═══ Data shown ═══

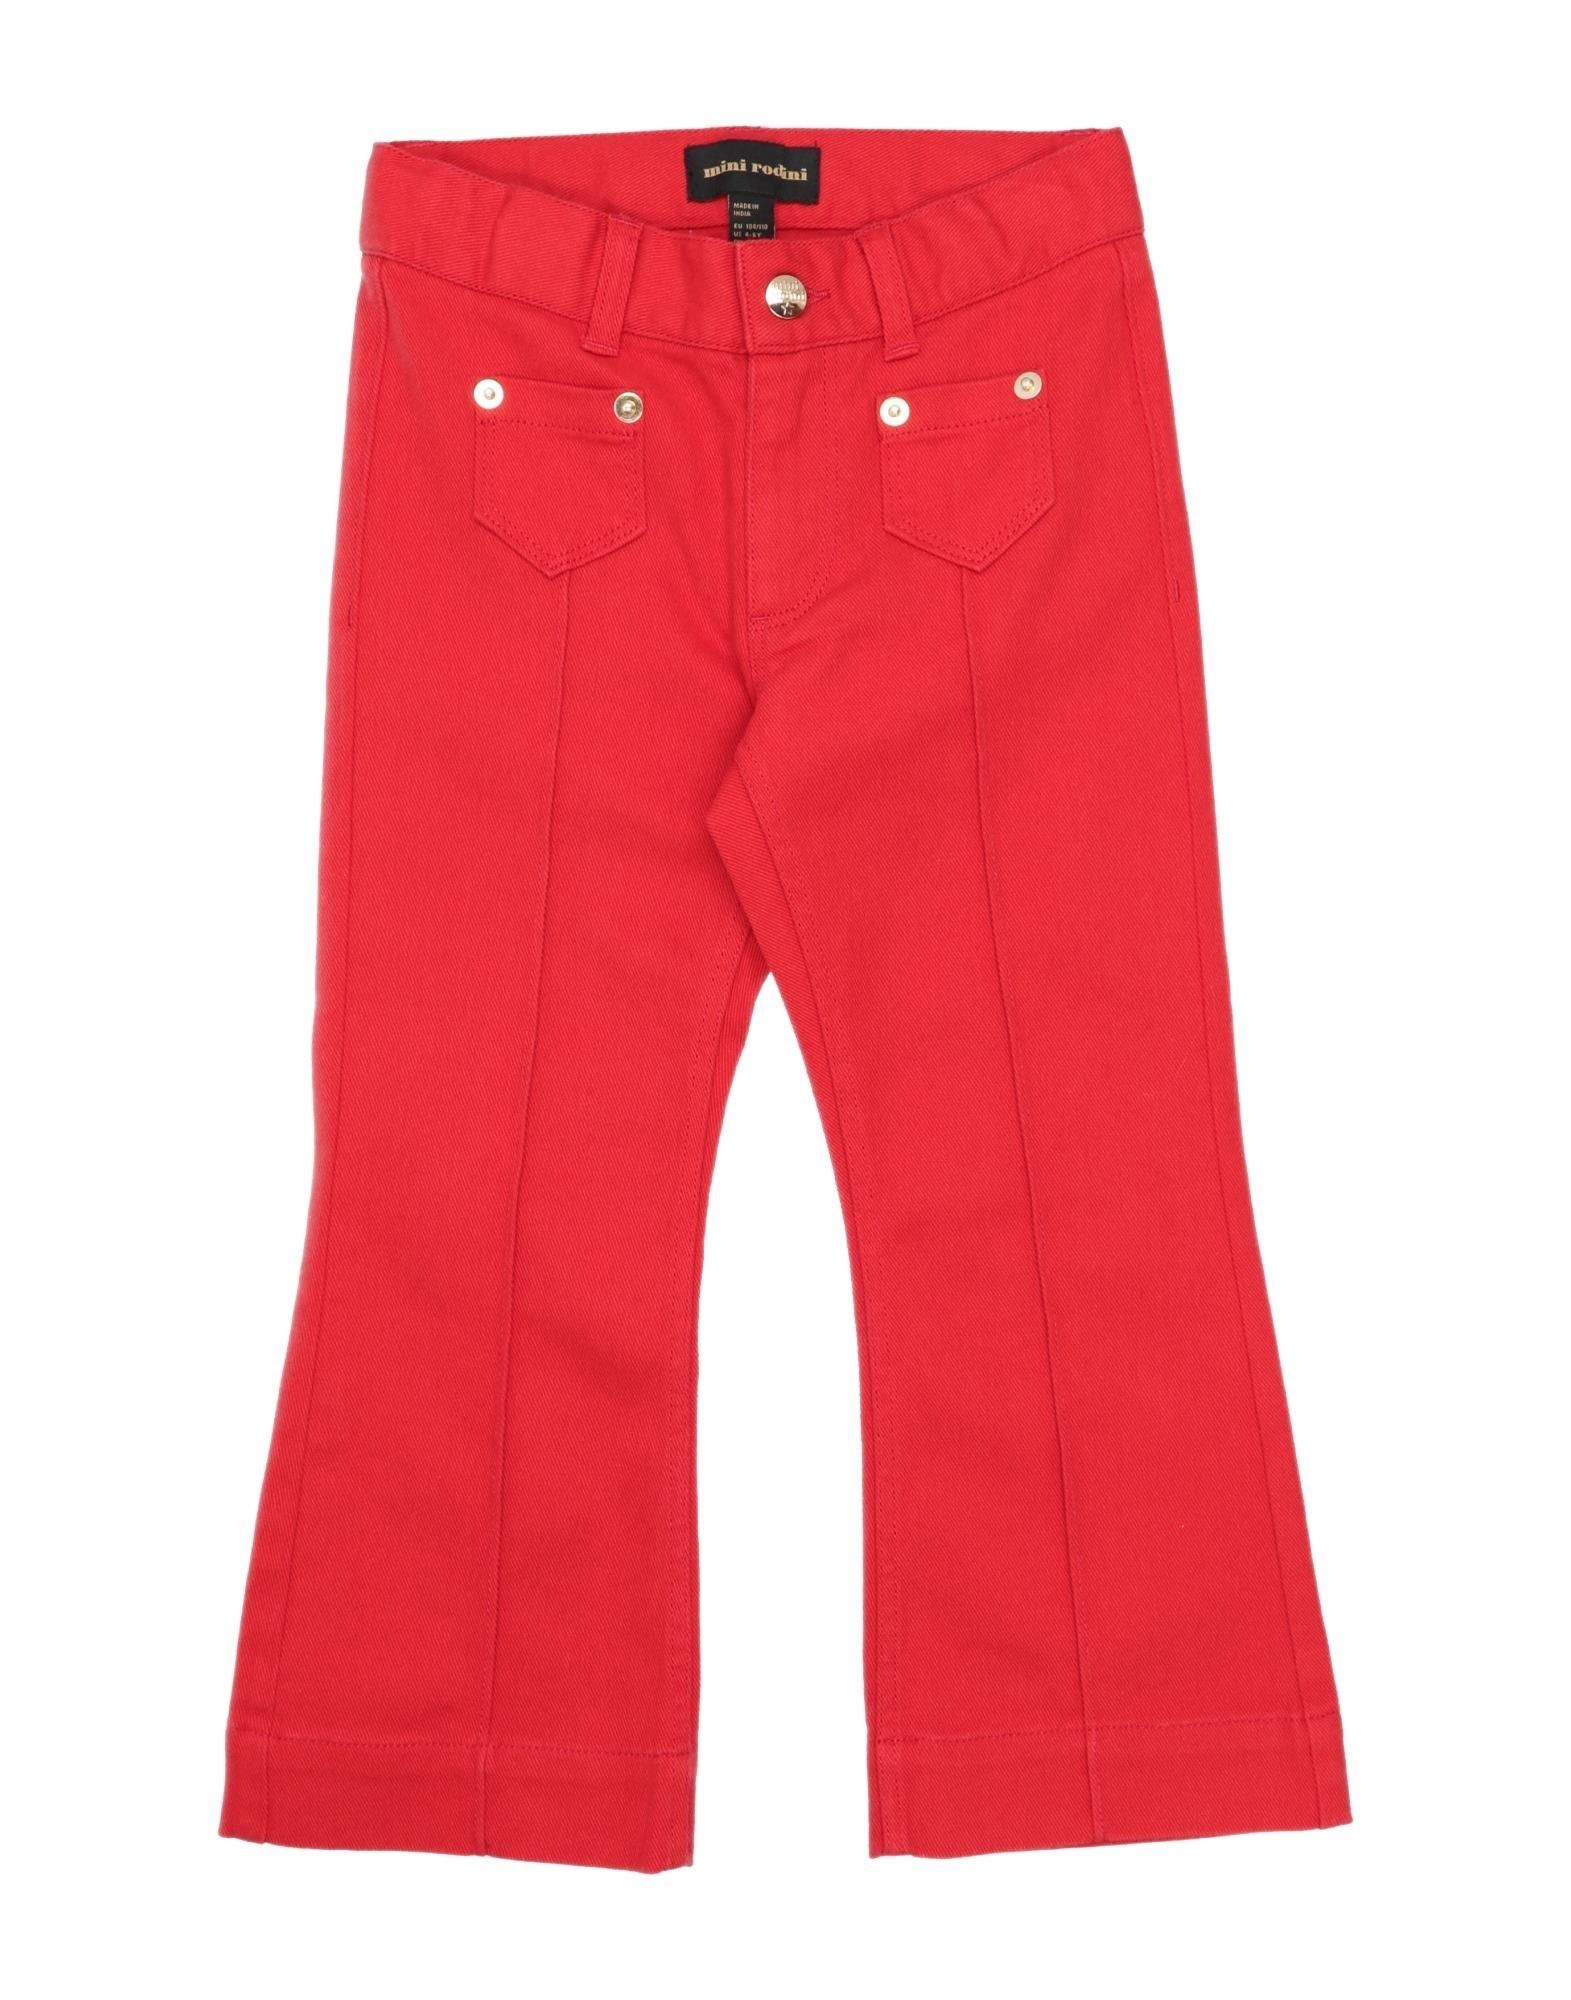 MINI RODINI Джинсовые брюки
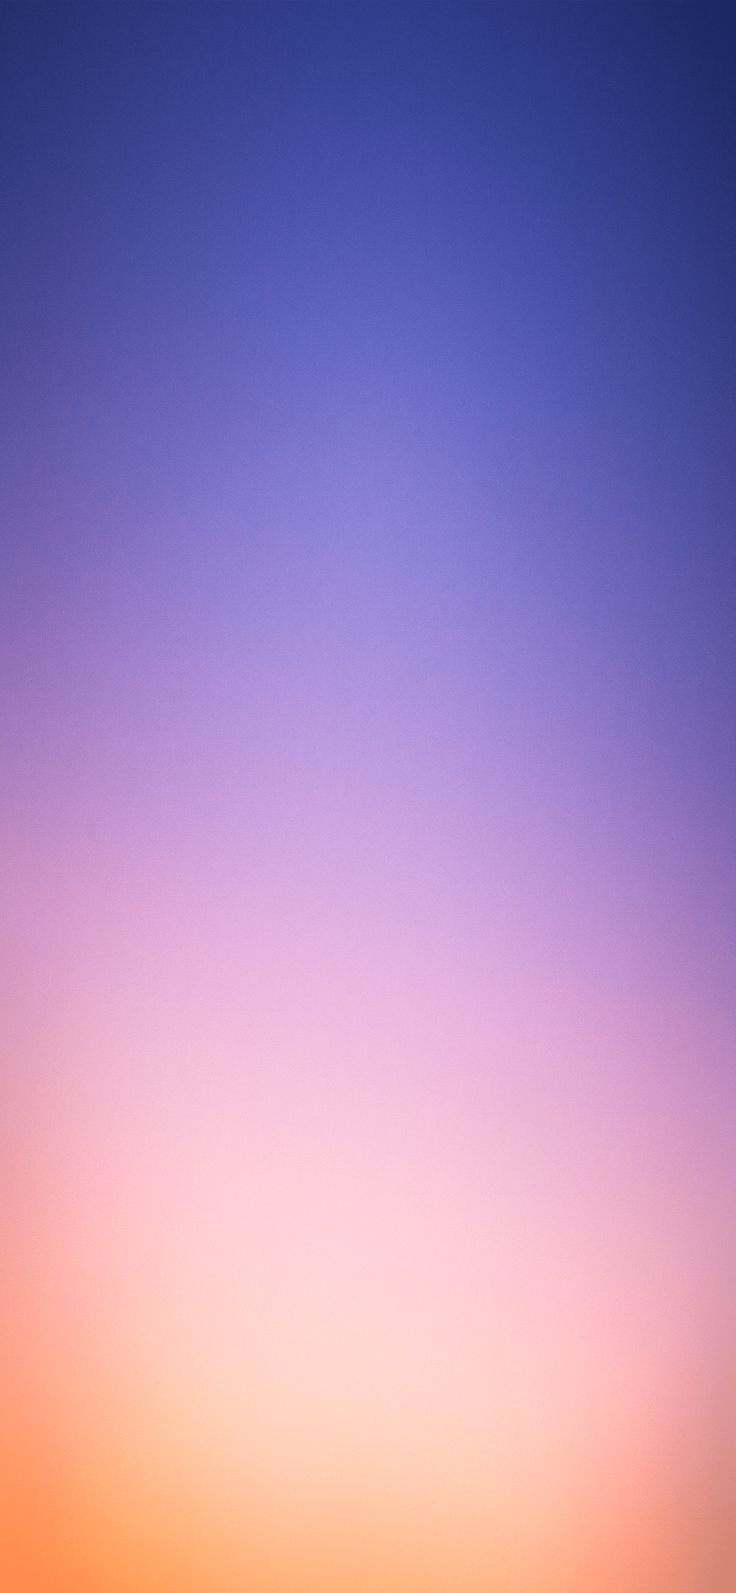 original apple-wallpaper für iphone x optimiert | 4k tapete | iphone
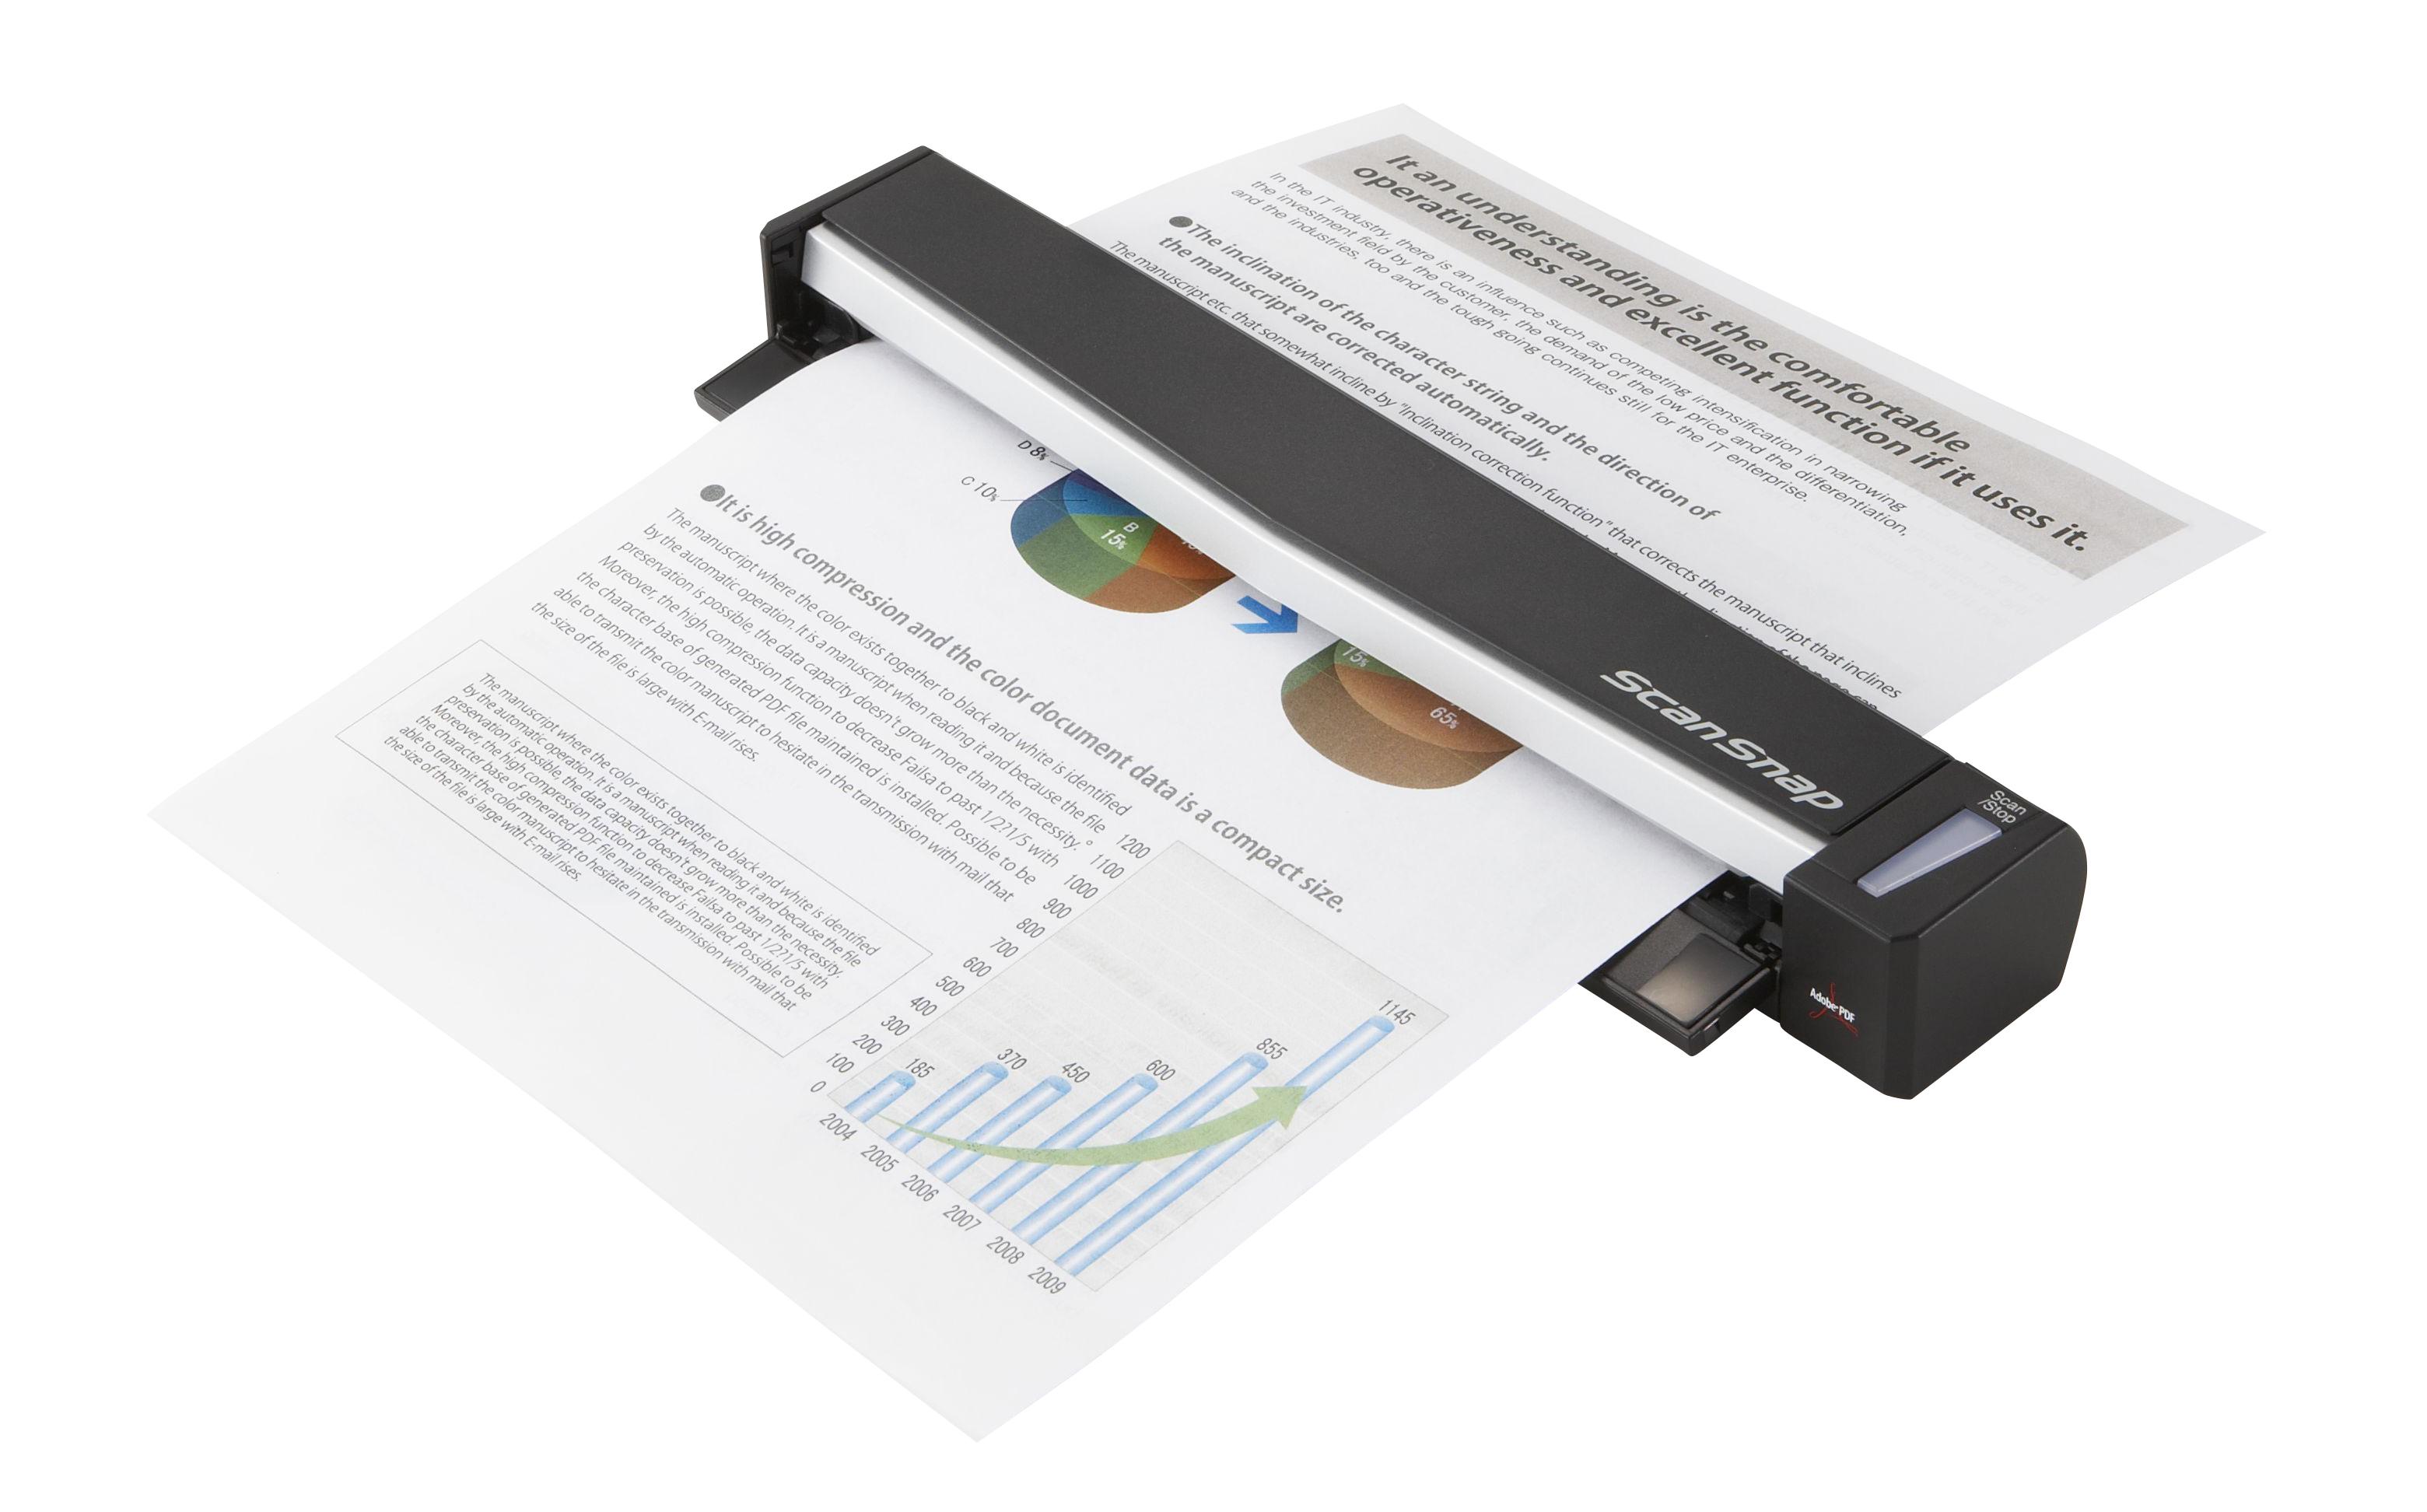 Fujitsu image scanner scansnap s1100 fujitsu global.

═══

Action item:
A verbatim transcription of the listing is expected, with no pictures included.

Expected answer:
 MINI RODINI Джинсовые брюки
 original apple-wallpaper für iphone x optimiert | 4k tapete | iphone
 Fujitsu image scanner scansnap s1100 fujitsu global.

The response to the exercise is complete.